Treat your ingredients with care...
- Shrimp — Make sure to use fresh shrimp for the best flavor and texture. If using frozen shrimp, thaw them completely before cooking.
- Jalapeno pepper — Adjust the amount of jalapeno pepper according to your desired level of spiciness. Remove the seeds for a milder heat.
Tips & Tricks
- For an extra kick of heat, add a few dashes of hot sauce to the dish.
- Serve the Shrimp Creole with a side of crusty bread to soak up the flavorful sauce.
- Feel free to customize the recipe by adding other seafood, such as crab or crawfish, for a seafood medley.
- If you prefer a thicker sauce, you can mix a tablespoon of cornstarch with water and add it to the skillet during the last few minutes of cooking.
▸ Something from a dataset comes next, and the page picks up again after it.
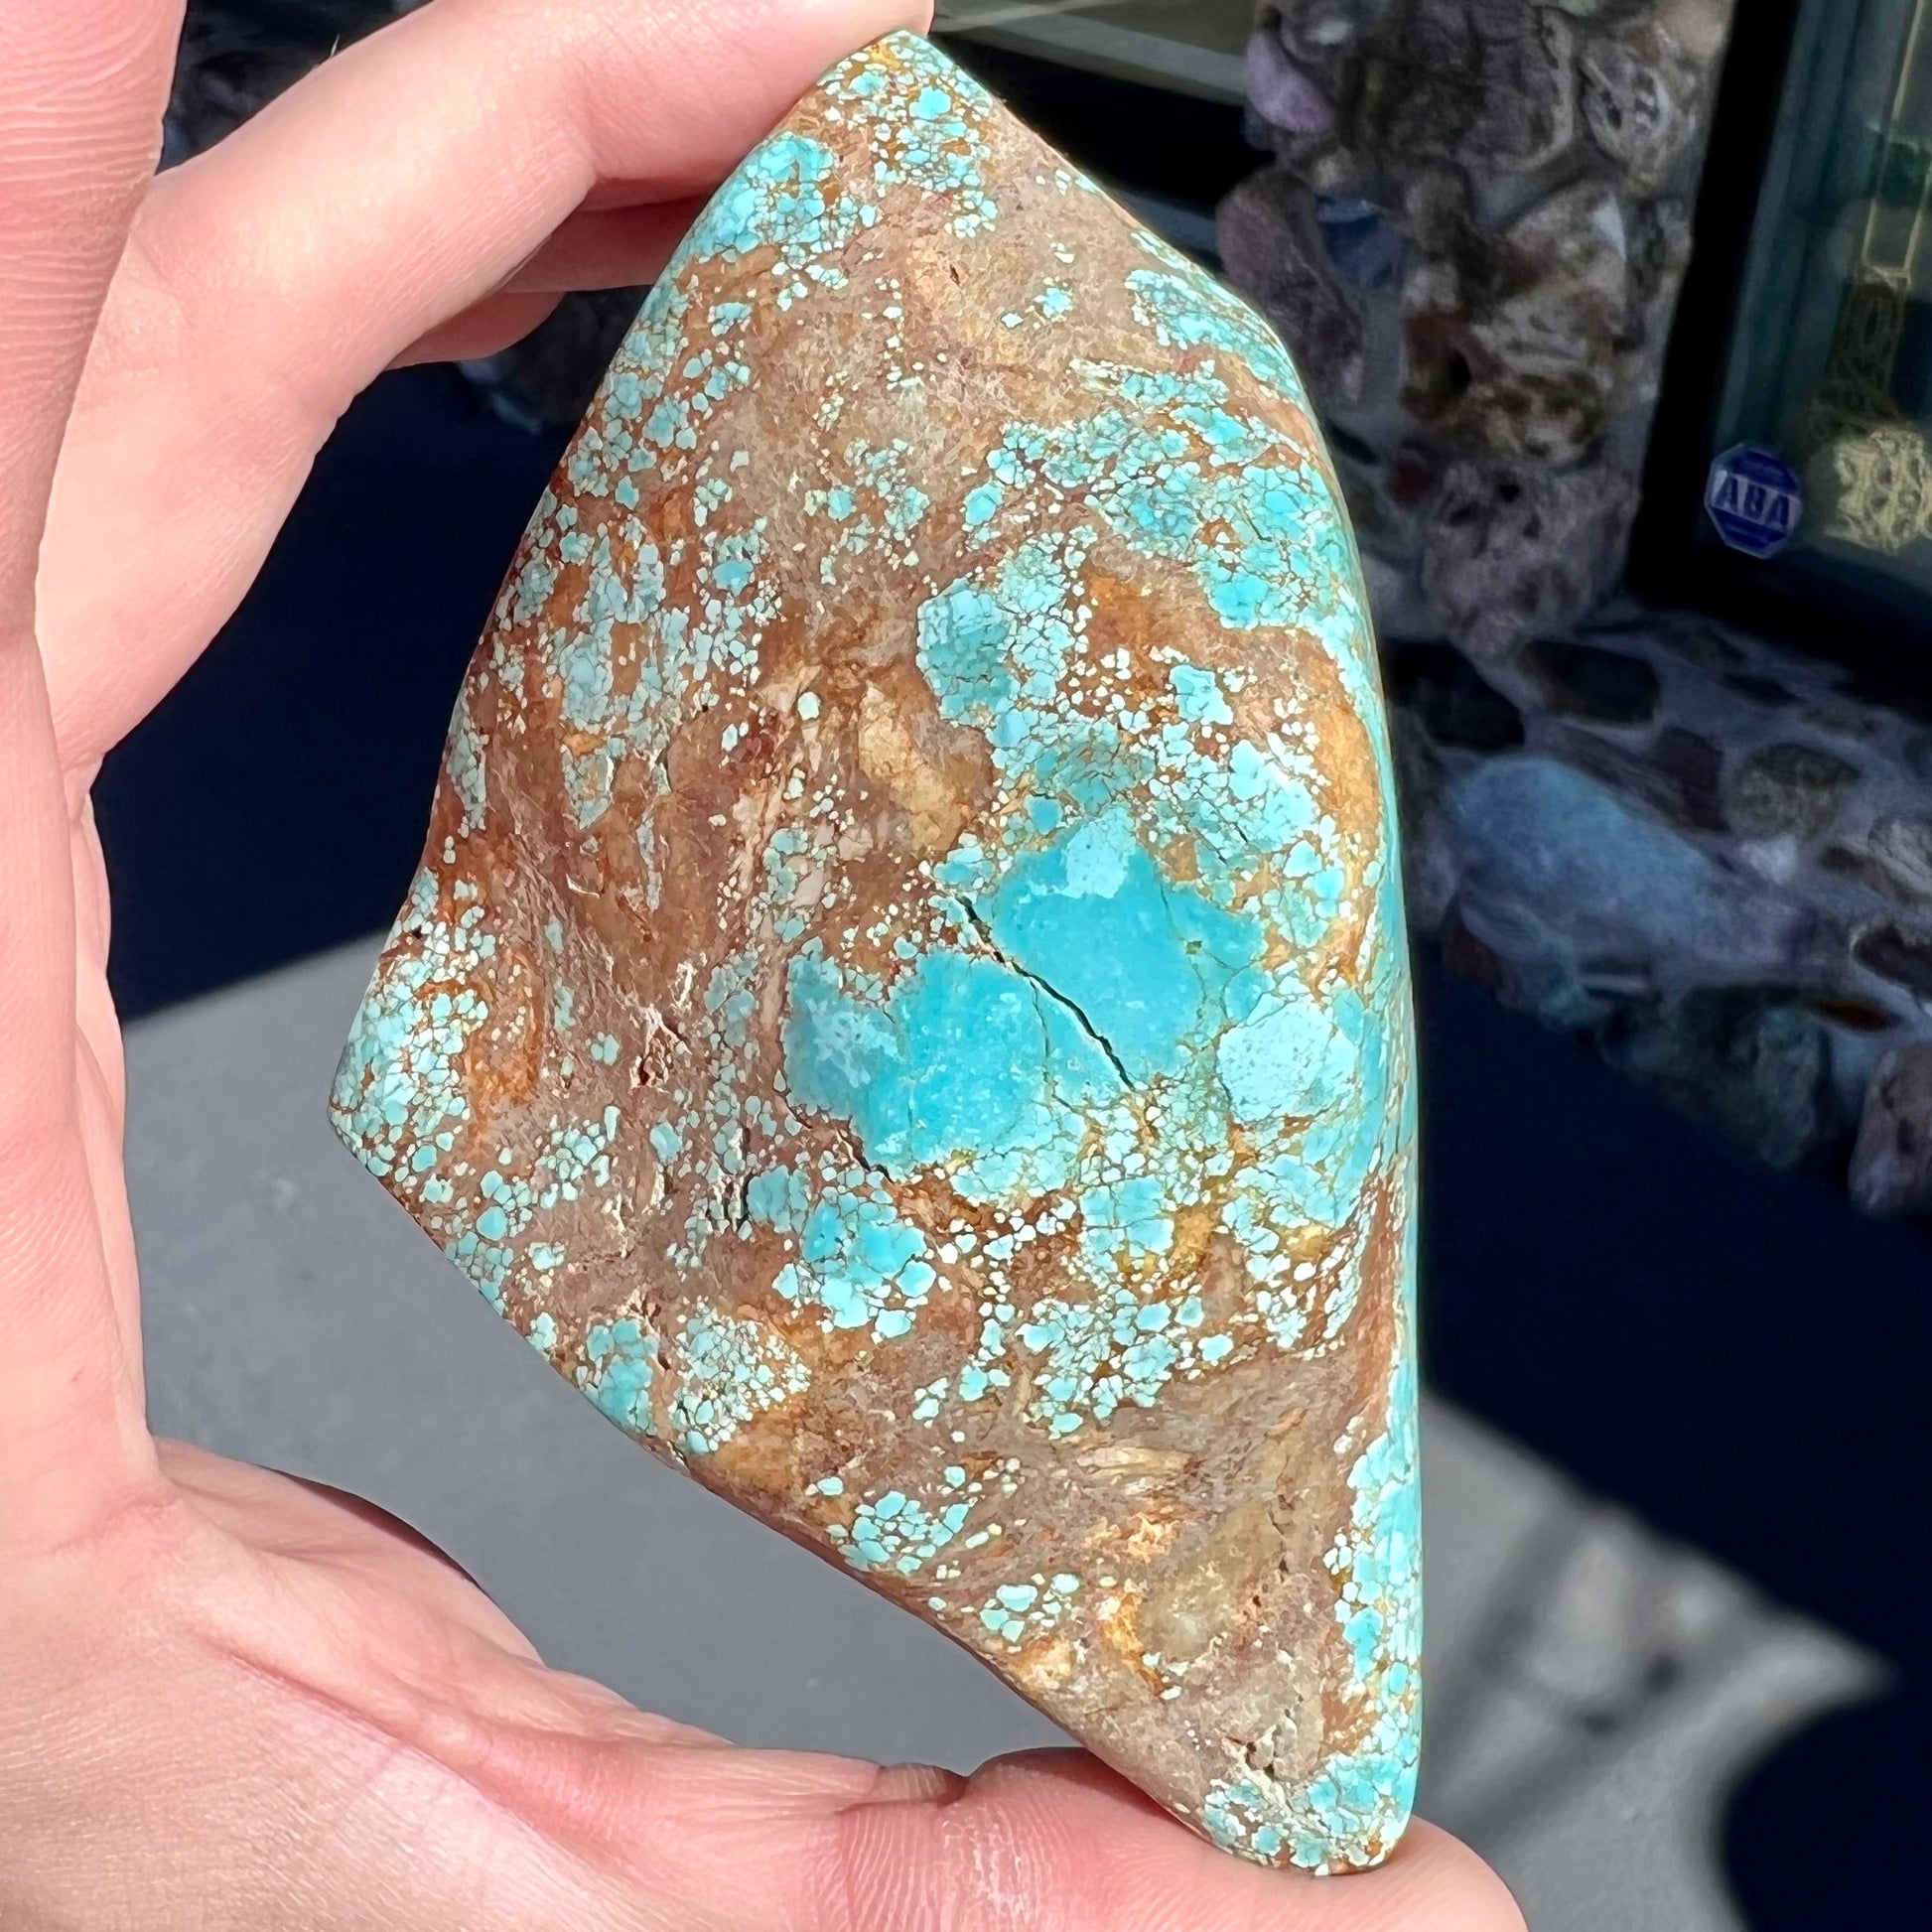 A polished Cripple Creek turquoise specimen from Teller County, Colorado.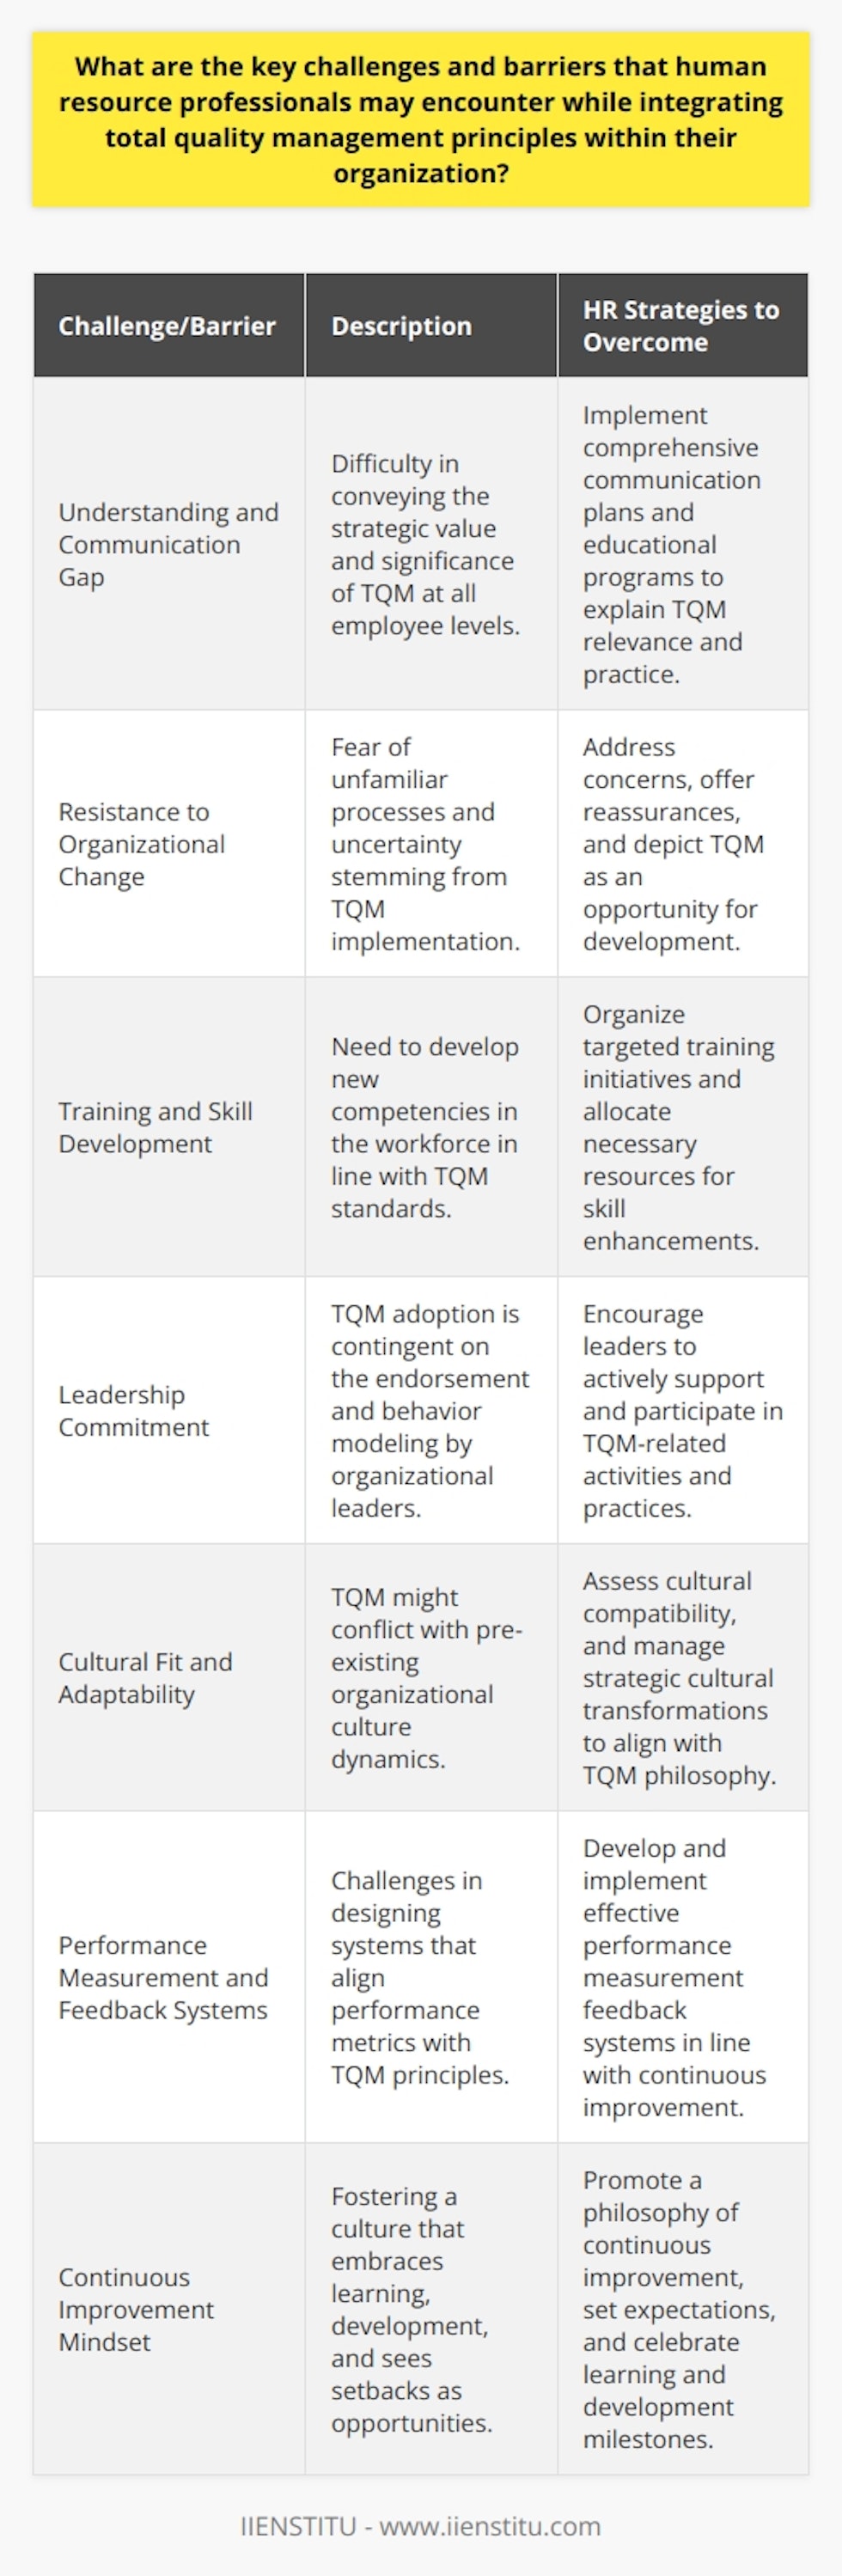 The adoption of Total Quality Management (TQM) principles offers significant advantages to organizations by encouraging a system-wide focus on quality improvement and customer satisfaction. However, implementing these principles can come with a series of challenges and barriers which human resource (HR) professionals need to address in order to ensure successful integration into the organization’s culture and practices.Understanding and Communication GapOne of the first hurdles HR professionals may face is bridging the gap in understanding and communication regarding TQM. While HR professionals might recognize the strategic value of TQM principles in fostering organization-wide quality, conveying this to employees at all levels can be complex. Ensuring that the workforce is not only informed but also understands the significance of TQM is a prerequisite for its successful application.Resistance to Organizational ChangeResistance to change can be found in every corner of an organization regardless of how beneficial the change might be. Employees may fear the perceived loss of control or uncertainty that comes with new processes and standards required by TQM. The challenge for HR is to manage this change effectively and to present TQM as an opportunity rather than a threat, which involves addressing anxieties, dispelling myths and providing assurances where needed.Training and Skill DevelopmentRolling out TQM involves several skillset adjustments and the development of new competencies among the workforce. HR professionals must ensure that employees receive the necessary training to align with TQM standards. This often involves substantial resource allocation, both in terms of time and money, and requires meticulous planning and execution.Leadership CommitmentThe extent to which leadership supports TQM principles influences how well they are adopted. Leaders must model the commitment to quality that they wish to see throughout the organization. HR professionals can sometimes face the challenge of encouraging leaders to take an active role in endorsing and leading by example when it comes to TQM initiatives.Cultural Fit and AdaptabilityEvery organization has its own unique culture, which can be a barrier if it is not aligned with the TQM philosophy. One of the tasks HR professionals face is assessing the cultural compatibility with TQM and managing the cultural change needed, which often requires a long-term, strategic, and sensitive approach to reshape norms and attitudes.Performance Measurement and Feedback SystemsHR professionals must align performance metrics with TQM principles to ensure that continuous improvement is recognized and rewarded. Designing and implementing such measurement systems can be technically challenging and requires a thorough understanding of organizational workflows and outcomes.Continuous Improvement MindsetLastly, TQM is not a one-off event but a continuous journey towards excellence. Instilling a mindset of continuous improvement throughout the organization is a formidable task that HR professionals navigate. It involves setting the expectations that learning and improving are ongoing processes and that setbacks are a natural part of development.By addressing these challenges – from fostering understanding, facilitating meaningful change, investing in staff development, securing leadership buy-in, adapting organizational culture, ensuring reliable performance metrics, and promoting a continuous improvement ethos – HR professionals can significantly contribute to the effective implementation of TQM principles. These efforts not only improve the quality of processes and products but also enhance employee engagement and satisfaction, creating a resilient and competitive organization.

- Leftovers can be stored in an airtight container in the refrigerator for up to 3 days.
Serving advice
Serve the Shrimp Creole over a bed of fluffy white rice to soak up the delicious sauce. Garnish with fresh thyme leaves and chopped parsley for a pop of color and added freshness.
Presentation advice
Present the Shrimp Creole in a shallow bowl, allowing the vibrant colors of the dish to shine through. Place a mound of white rice in the center and spoon the shrimp and sauce around it. Garnish with a sprig of fresh thyme and a sprinkle of chopped parsley.